## Your assignment
Needed from the data below: every line from the one with "Plecak Starpak Krokodyl (482188)" up to and including the one with "慈濟德州分會於6月24日下午2點，舉辦2018年度清寒獎學金頒獎典禮，副執行長王崑賢頒發獎狀給得獎學生 Amber Ooi。", repeated exactly and with nothing else.

## Supplied data
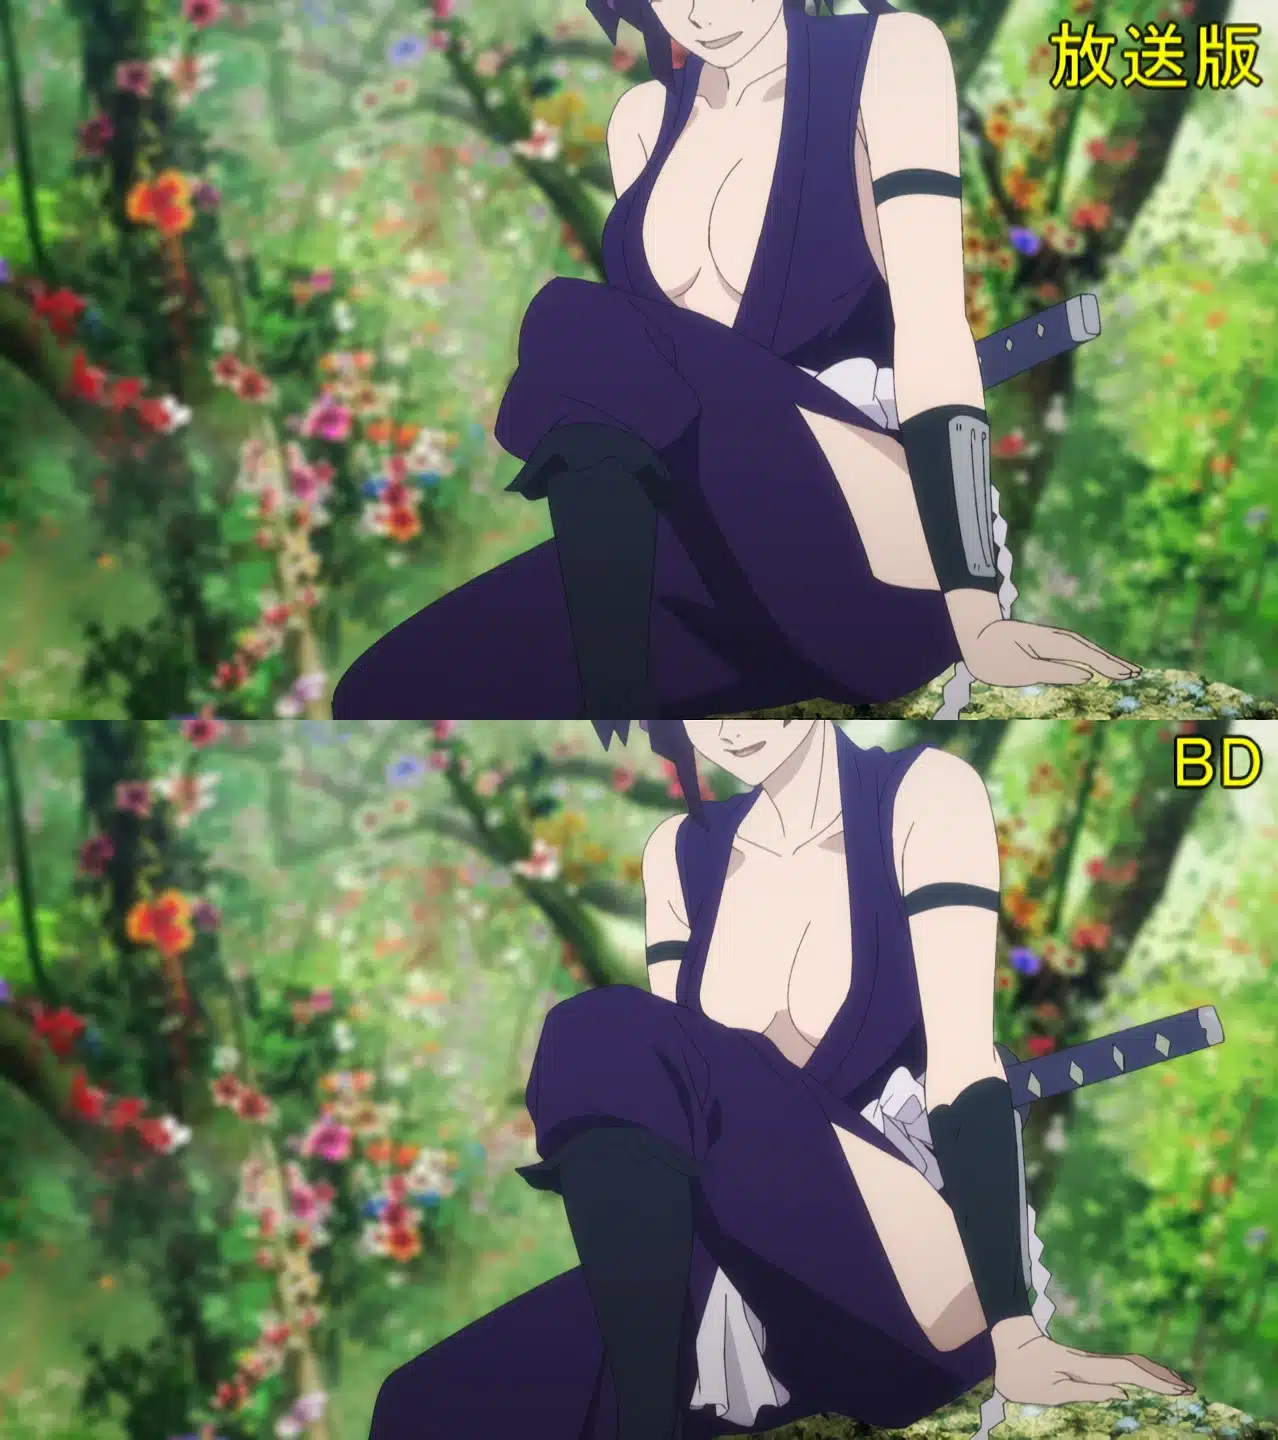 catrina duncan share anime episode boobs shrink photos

* * *

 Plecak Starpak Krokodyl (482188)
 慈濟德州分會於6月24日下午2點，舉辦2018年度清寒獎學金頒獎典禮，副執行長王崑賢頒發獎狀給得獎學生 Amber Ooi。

## Exercise answer
 Plecak Starpak Krokodyl (482188)
 慈濟德州分會於6月24日下午2點，舉辦2018年度清寒獎學金頒獎典禮，副執行長王崑賢頒發獎狀給得獎學生 Amber Ooi。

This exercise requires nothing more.